Democrats are using the stimulus bill to go on a wild spending spree that otherwise would have been hard to sustain, even with large Congressional majorities. Funding proposals that ordinarily would take months to review were just waved through in the House of Representatives and now are in the Senate, where the President wants prompt action. It would be hard to spend nearly a trillion dollars without some of it doing good, but that should not be the standard of good fiscal stewardship.
The country's and world's problems are the result of a credit bubble, in turn the product of banking speculation and government demands for granting high risk mortgages. Therefore, you'd think that the biggest topic in Washington right now would be the creation of a "bad bank" to absorb the bad loans and free up the credit market.
You'd think that the second hottest topic would be a stimulus bill that would induce investors to put their capital at risk to create new enterprises and, therefore, new jobs. There may be several trillion private dollars sitting on the sidelines waiting for the right time to get back into the market and invest. Right now, the federal government is undermining investors' confidence, not building it up.
The stimulus bill has many well-informed opponents and it is not popular with the public. Let's be clear, the Bush/Congressional compromise stimulus bill last fall also was largely misguided, especially the short-term "refunds" (including unearned refunds). Those checks dropped into the economy like rocks thrown in a pond; there were no ripples and nothing changed after they dropped. All that resulted was an increase in the federal deficit. So there is lots of blame to go around. But the refund checks having failed, now we face a far larger variation of the same mistake.

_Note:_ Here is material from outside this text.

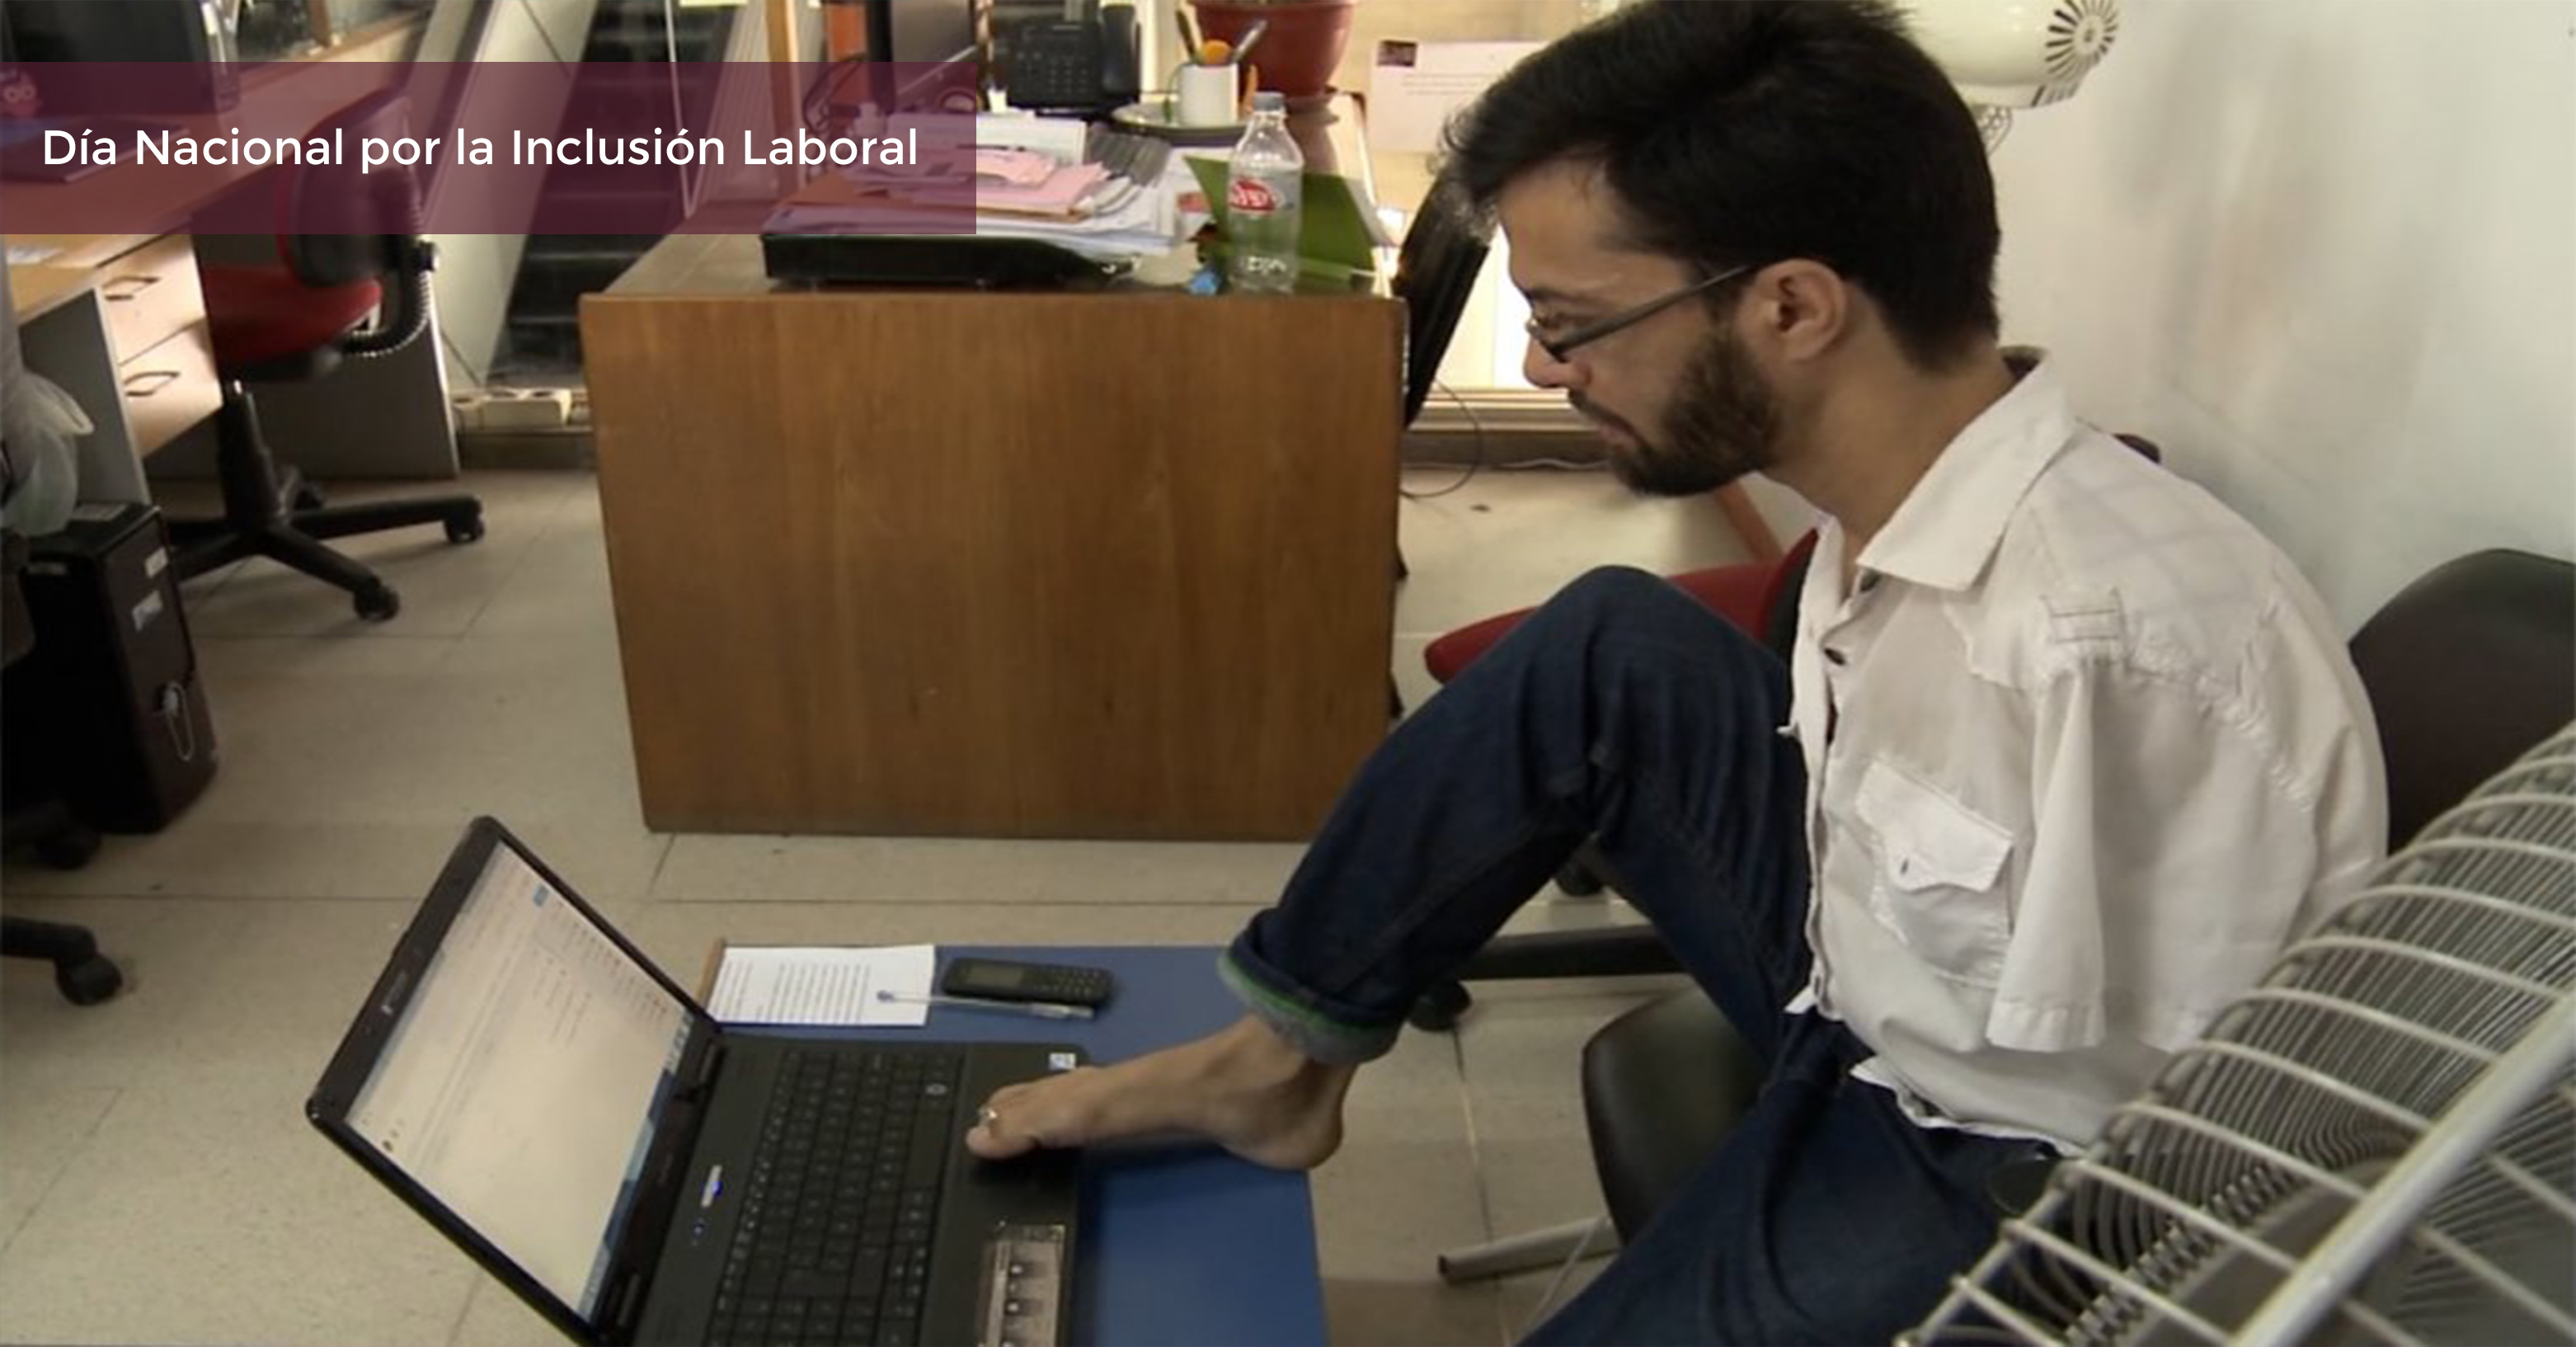 Joven sin brazos trabaja manejando la computadora con los pies en una oficina.

Some programs are worthy and will have real results in the economy, but the best examples of that are in the rather modest transportation programs. Others--I've heard 80 percent--won't even be felt for a year and a half or more. Much is just political teen agers joy-riding for Big Government, the Democrats ("I won.") having fun doing favors for such political constituencies as teachers unions and other government employees. Government workers may be worried, but they have suffered least so far.
The economic thinking for the new programs being "stimulated" is vapid. Why are we proposing in this economy to provide help with college loans to families whose bread-earners are still employed? When the need to revive the job machine, why the big effort to lower the cost of living for those already employed?
Of course, the people already employed are also the class of people who are going to pay for all the hoopla, the ordinary, hard-pressed taxpayers. The highest cost will be a debauched currency.
Even the specific recipients of the stimulus handouts should be skeptical. The help for college tuition, for example, is not really going to help parents much. It is going to help college and university administrations that are having a hard time meeting their budgets (as who isn't?) and who, once the bill is law, will promptly raise tuition to meet the availability of the new funding capacity of parents.
It is hard not to be entirely cynical about this bill. But let us acknowledge also a sincere impulse to take care of people through government. In a future blog I will address the motive force of a lot of big spending schemes; namely, the liberal desire to have the government take over the seemingly over-whelming problem of providing care for all the dependents in our population. With an aging baby boom, a big population of indigents (the homeless numbers grew even in boom times), the large numbers of physically handicapped, the mentally ill, the growing prison population, not to mention the children, how can all these people be cared for? The free market isn't up to it. Surely getting money out to people who are unable to care for themselves will help spur the economy, right?
But how is government going to be up to it, either, when the government is supported by the free market? How does Mr. Obama solve anything by redistributing the wealth when there is less and less wealth to redistribute? Before he gives it away, he might try to figure out how wealth is created in the first place.